Bullet hole size shows gun caliber?

Pretty much every day some detective on TV or in a book or in a movie walks up to a person who’s been shot with a gun and says, “Looks like a .357.” Not a .30 caliber rifle bullet, not a .35 caliber pistol round, not a .380, not a .38 Special (which actually fits .357 guns), not a 9 mm bullet or a .40-caliber bullet, but exactly a .357.

Is naming the caliber by examining the entry wound possible within a range small enough to matter to a real police investigation?

I can see the difference between a .22 and a .45 under ideal circumstances, but even then I’m not sure I’d be sure, depending on factors such as the angle of entry and the amount of skin and fat flop and who knows what else?

Can the caliber of a bullet be determined by any wounds it makes?

while I don’t have practical forensic experience, I can tell you for sure that some .22 caliber rounds I’ve shot into metal plates leave a hole large enough to be confused with a 9mm.

I would think general caliber can be estimated but not with the precision your fictional stories might suggest

It is complete fiction. There are far too many variables. Bullet shape and velocity will dramatically change the entrance wound size. If the bullet encounters an obstacal before hitting the victim it can tumble and leave a much bigger entrance wound.

If the bullet is recovered, it can be measured and weighed, and a then the caliber of the gun might be reduced to a short list of similar calibers. Bullet deformation will make it difficult to distinguish between very similar calibres…say .357/.38/9mm. But if it is a 115 gn. bullet, it is likely 9mm, and 158 grn is common for .38s. If the rifling can be observed, some guns have distinctive patterns that can narrow the list to a specific brand or model.

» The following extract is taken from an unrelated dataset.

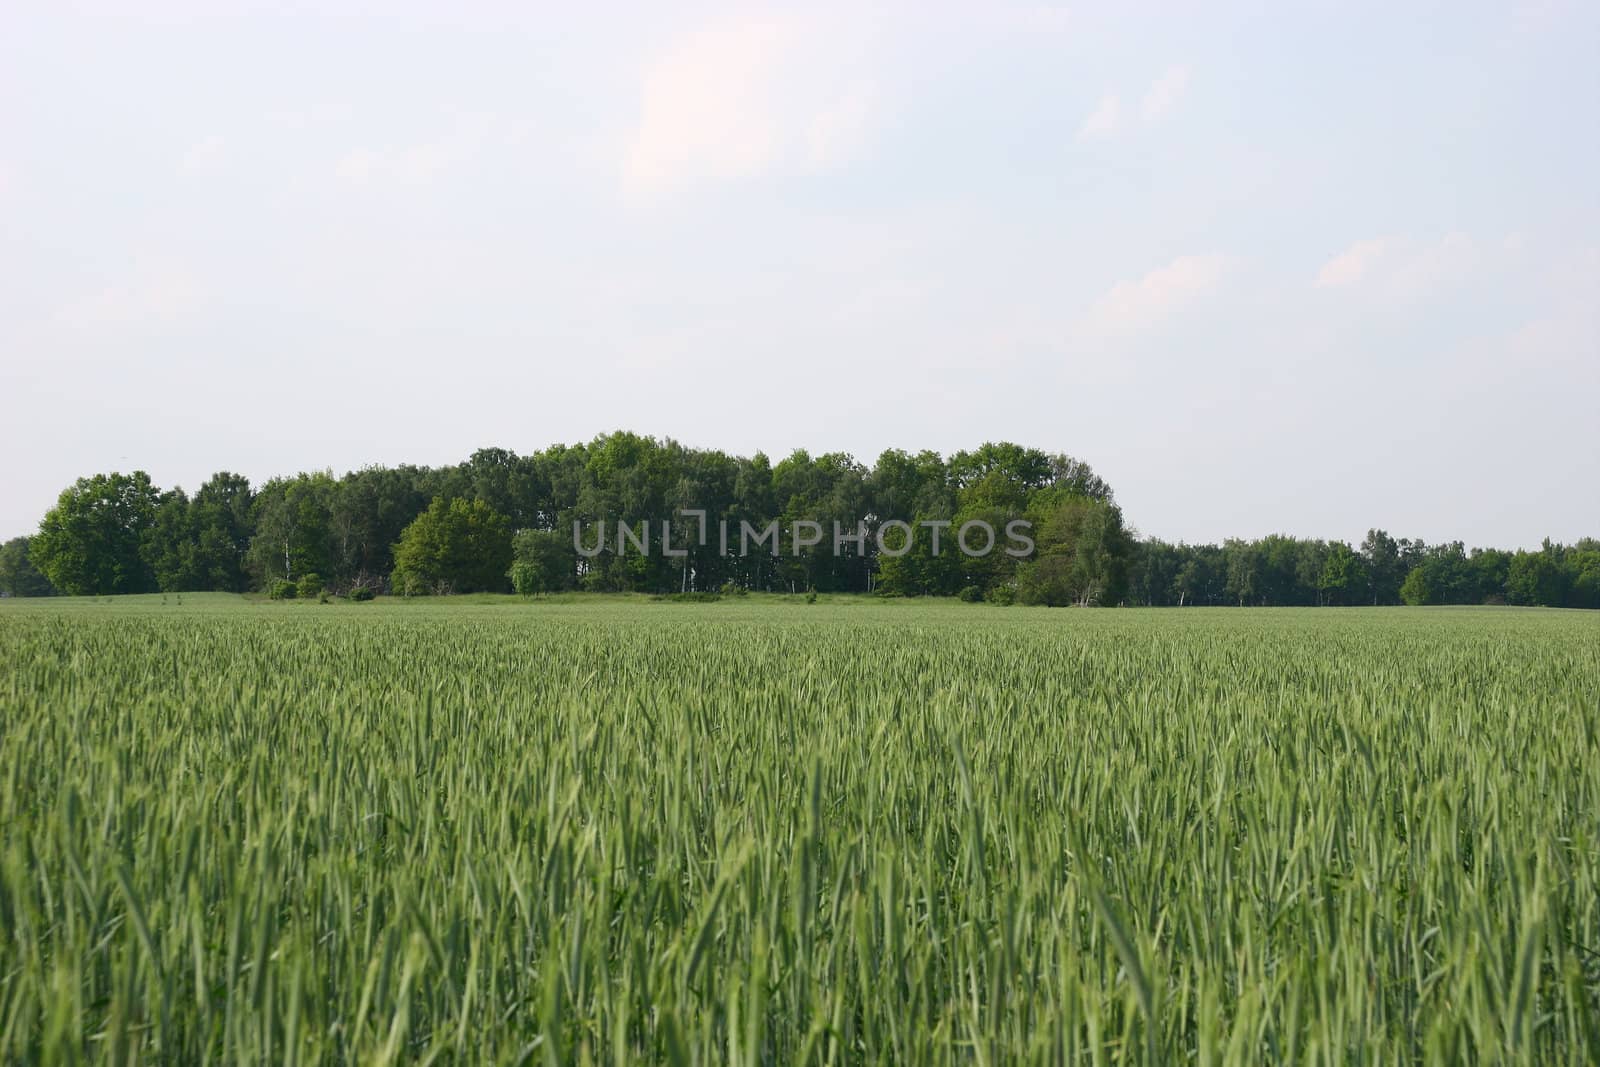 Corn field with one forest island

Recovered shell casings are very definite and simple to identify, marked with text indicating the caliber. The lack of such might suggest it was a revolver, say .38 spl, rather than a 9mm automatic.

You’re contradicting yourself, I think.

While telling the difference between mid-sized handgun bullet injuries might be fiction, I think a modicum of experience would let someone tell the difference between a .22, a .223 or .30 rifle, and a .40/10mm and up handgun. A more experienced eye might even be able to distinguish a mid-size handgun from those three. As you say, it’s a matter of bullet geometry and velocity.

The following 1995 article (.pdf) from the Journal of Forensic Sciences, and follow on Commentary (also .pdf) from both Dr. Martin Fackler and replies from the article’s authors, might be of interest.

Basically, the authors examined 35 different cranial gunshot wounds, measured them, and tried to draw some correlations between the hole size and bullet diameter. They could tell .22 LR and .25 from .38, but not .22 LR from .25. Fackler then wrote their journal, to tell them that even though they could distinguish between the wounds in their selected cases, their own data showed that you couldn’t make absolute claims about wound diameter and bullet size. Anyway, I thought the interplay was interesting and of value for this particular conversation.

These were wounds made in hard bone, with easily definable holes, FWIW, and there was still potential difficulty in distinguishing between calibers. For one thing, skin is elastic, and can tear unevenly. It is not unknown for the bullet to leave a smaller entrance hole than the projectile’s diameter. Maybe on a pathologist’s table, you could tell this was a .22 vs a .45, and I’d think you could tell the difference between a bullet that had sufficient velocity to cause large permanent wound cavities vs. a bullet that didn’t, but just by looking at the victim on the street? I doubt it. Like some of the results from quantum physics, terminal ballistics can be flat out weird, and counter intuitive.

At page 119 of, Gunshot Wounds: Practical Aspects of Firearms, Ballistics, and Forensic Techniques, Second Edition, by Dr. Vincent J.M. DiMaio, an expert on gunshot wounds, he writes:

The book is fascinating for those with an interest in this subject, and readily searchable via Google Books.

EDIT: Oh, and here’s an old SDMB thread on the same subject.

I’ve read CJ textbooks that instruct the officer to examine the size of the hole and even include little charts for comparison.

In real life, I agree with the above. The flesh is so elastic that the permanent cavity (as it is called) does not necessarily match the diameter of the bullet. I’ve examined plastic targets in which the hole is much smaller than the bullet. Shattered bone is also not very conducive to making things easy to measure. Lastly, any instability or yaw in the bullet relative to the target will make the hole larger.

So it’s not really that cut and dried.

As a forensic pathologist I have examined a lot of gunshot wounds and I agree that cal cannot be determined by the size of the entrance wound. You may get some good general clues, depending on the specific circumstances, to put it into a broad category, but even then I’d use a phrase such as “consistent with” rather than “determinative of”. If you include exit wounds you may get more clues that might make you more confident you are dealing with, say, a .223 vs a .22, but that has more to do with the relative kinetic energies rather than calibres per se. As far as the experience factor, I think more experience in these matters (as in many) tends to make (wiser) people more cautious rather than confident.